Here is my favorite resilience story:
I remember gardening early last spring in my ‘just coming back to life’ garden. As I knelt at the base of my favorite hydrangea – the one the children had long ago named “Angelica” because ‘she’ is prolific bloomer – I was struck by something. There on my knees in the dirt in my garden, I realized that I was surrounded by Resilience. In front of me stood my towering hydrangea – around me were all of my other ‘botanical friends’ and they were all singing in one grand chorus. They were bouncing back from the perils of winter. Little signs of budding, of ‘re-emerging life’ were everywhere present in my formerly desolate looking garden. My rooted friends – my winter-pummeled, old green companions – were demonstrating with no flourish whatsoever, that they were thriving and surviving “in spite of.” They were ‘coming back’ in spite of the unceasing, pelting challenges of a particularly harsh and long winter.
Faced with this show – believe it or not, the first thing I was struck by was my own weakness – and all of my old sorrows came flooding to me in a great wave. I felt suddenly burdened by all of the challenges I – and my family – have been given in he last few years in particular. I felt sad. I felt very sad. But no sooner had that sadness tickled my spirit that something much bigger and better landed in me. It was large enough to me that kneeling there, in the holy sanctum of my garden, I laid down my spade and I cried. (Have you ever had a good cry in the garden? They are rich.) But it was not sadness I felt. The tears that flowed came from a deep and abiding overwhelm and gratitude for the lesson and message these strong garden-dwellers offered me by their wise example. Their message was this: Resilience. These old friends, who stood still and quiet before me game me a gift: They shared a glimpse of their early buds – their burst back into their own greater glory after their long, deep winter. They laid before me the powerful reminder that the natural law of Life is this: To go forward. Resilience.

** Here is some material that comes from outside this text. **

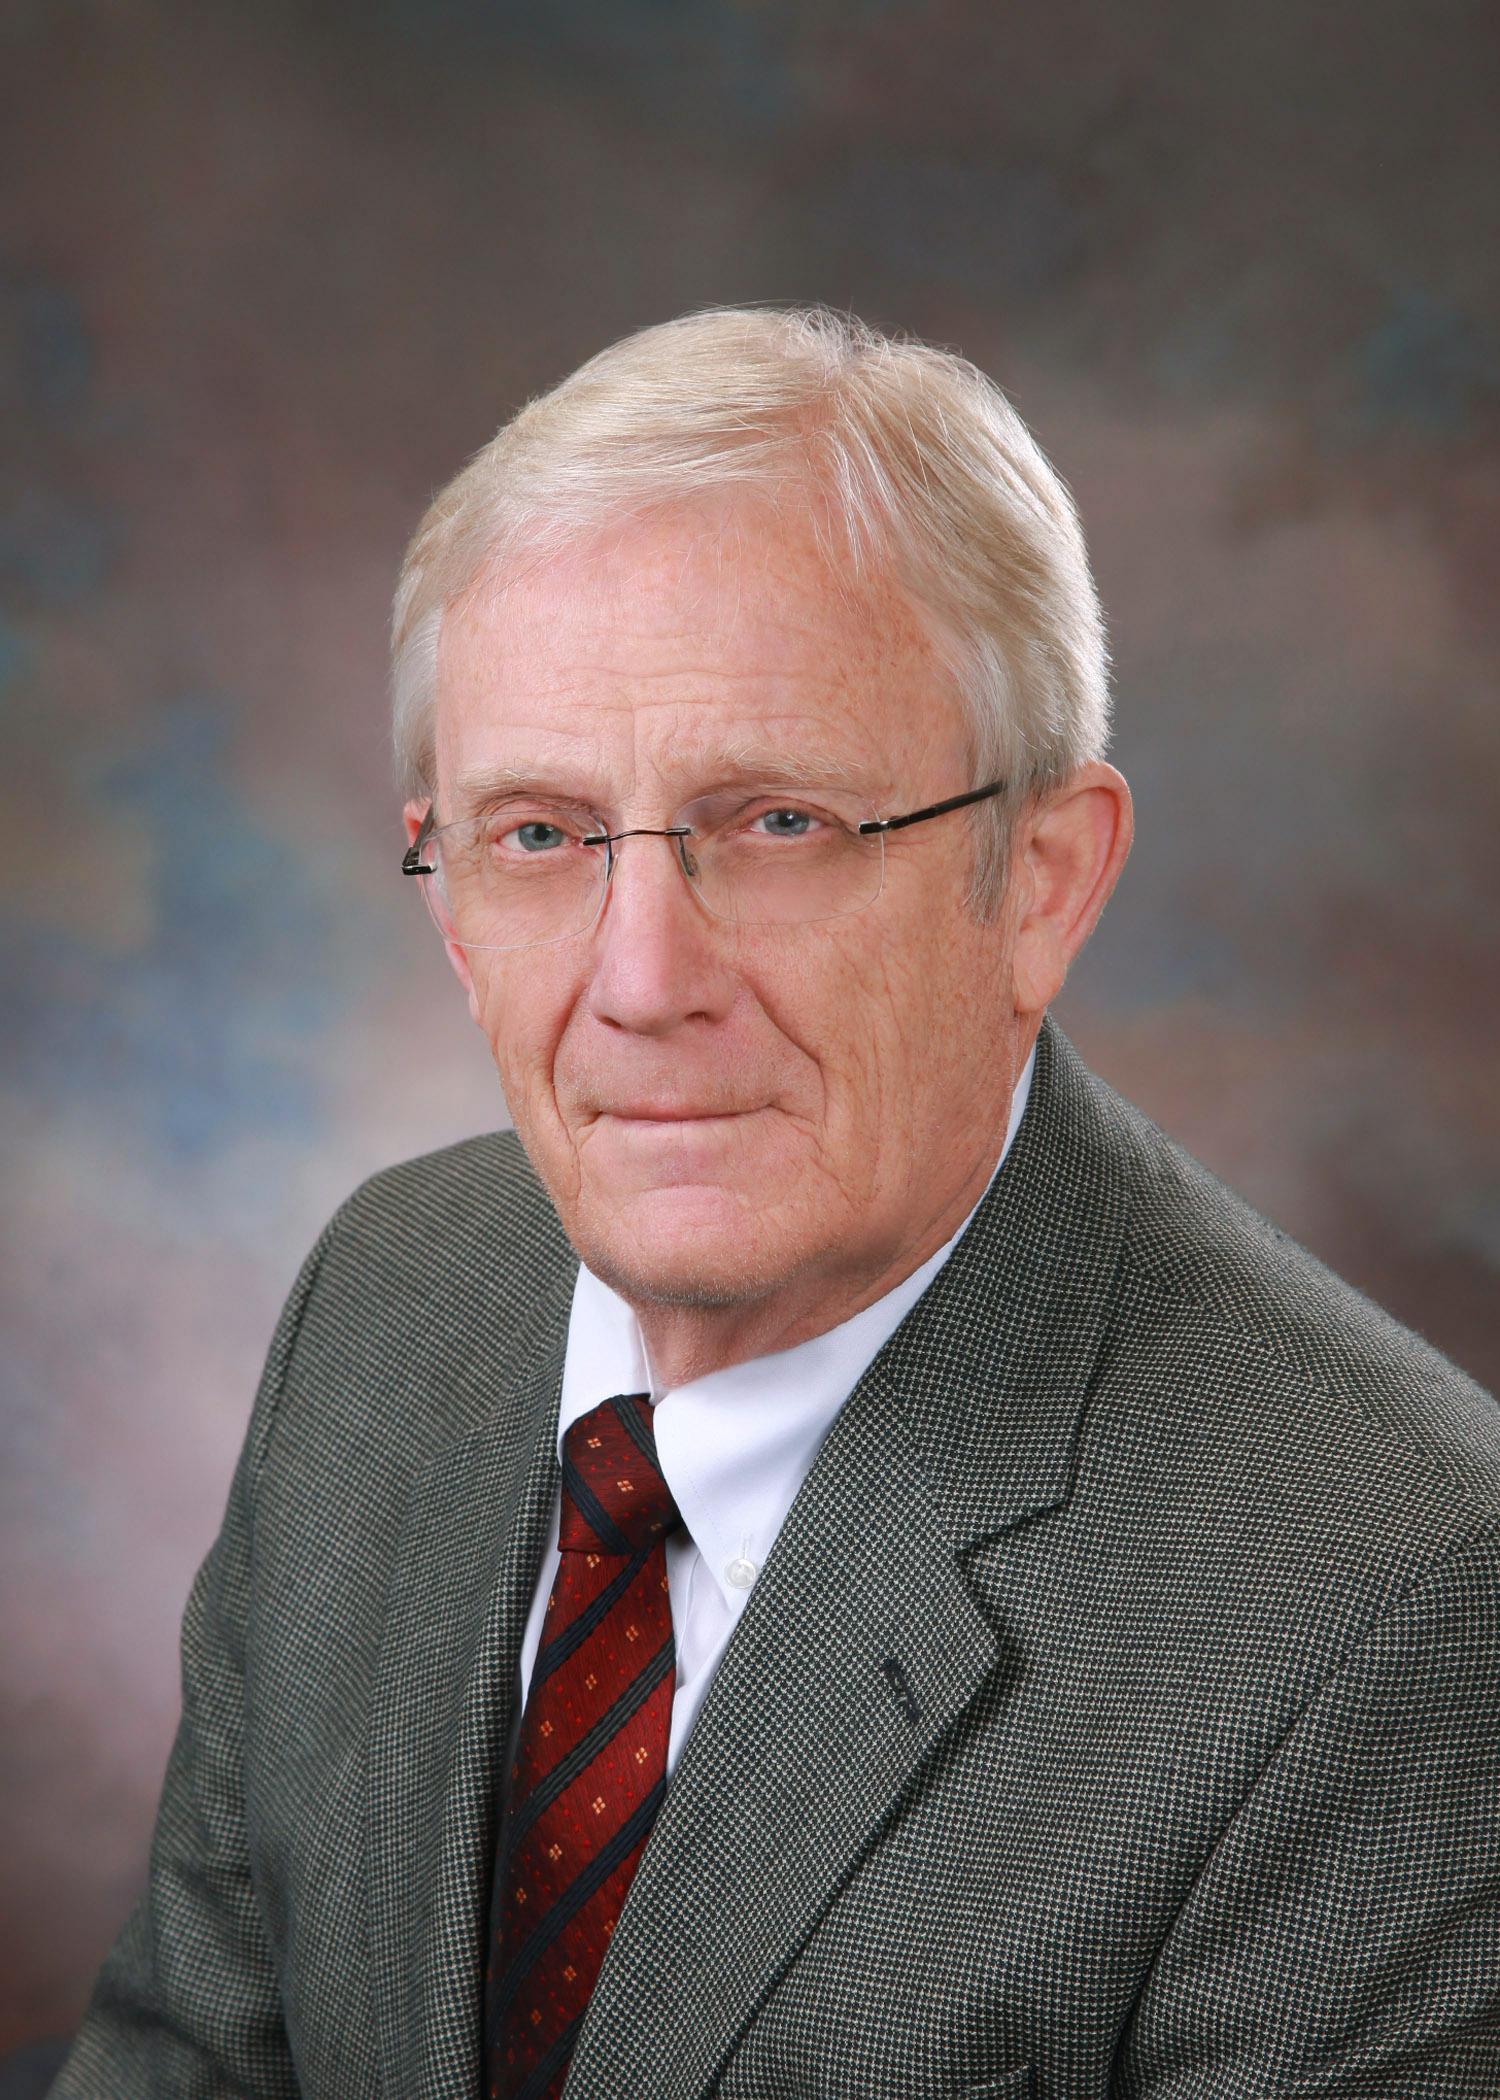 Lawrence Harrop

We move forward. We do. Not always straight; sometimes hobbled a bit by a circumstance or a sorrow, but on we go. Forward. Always. We go forward and we bloom again ..until of course we hit our next winter. And so repeats the movement of the seasons in the garden of our own Life.
So my friend – you may be in your own winter right now as you read this. But. Take heart. Know that there is a bloom that is being “prepared and worked” inside you right now. One day you will be wise enough to recognize and cultivate it. Just as I came to know the gift my mother left me in her passing -a gift I came to know only because I exercised enough resilience to get through the winter of her departure. Yes, you may be in your own winter right now, but know that your own currently ‘unknown bloom’ is inside you somewhere and it will one day show itself. Most likely when you least expect it. Possibly long after you’ve paid your last therapist bill or bought your 80th pair of make-me-feel-better shoes. You will bloom again. Life will bloom again. It is the natural law of the Garden called You. You will have one bloom, followed by another and another. And another. Resilience.
And while you cultivate your resilience, you will hit a weak moment. You will. But when you do, drag yourself through, just another inch and just another second, knowing that:
*This too shall pass.
*There is a solution to every problem
*Resilience is the mother of survival.
*Sometimes Life is difficult
*This too shall pass (again.)
*Everything feels ‘better’ in the morning.
*Each sorrow comes with gift to be opened, long after its offering.
Plattitudes or Truth? I say both.
May we all water ourselves well with these truisms – these platitudes. May we water ourselves well . . . and find our next bloom. For it will come.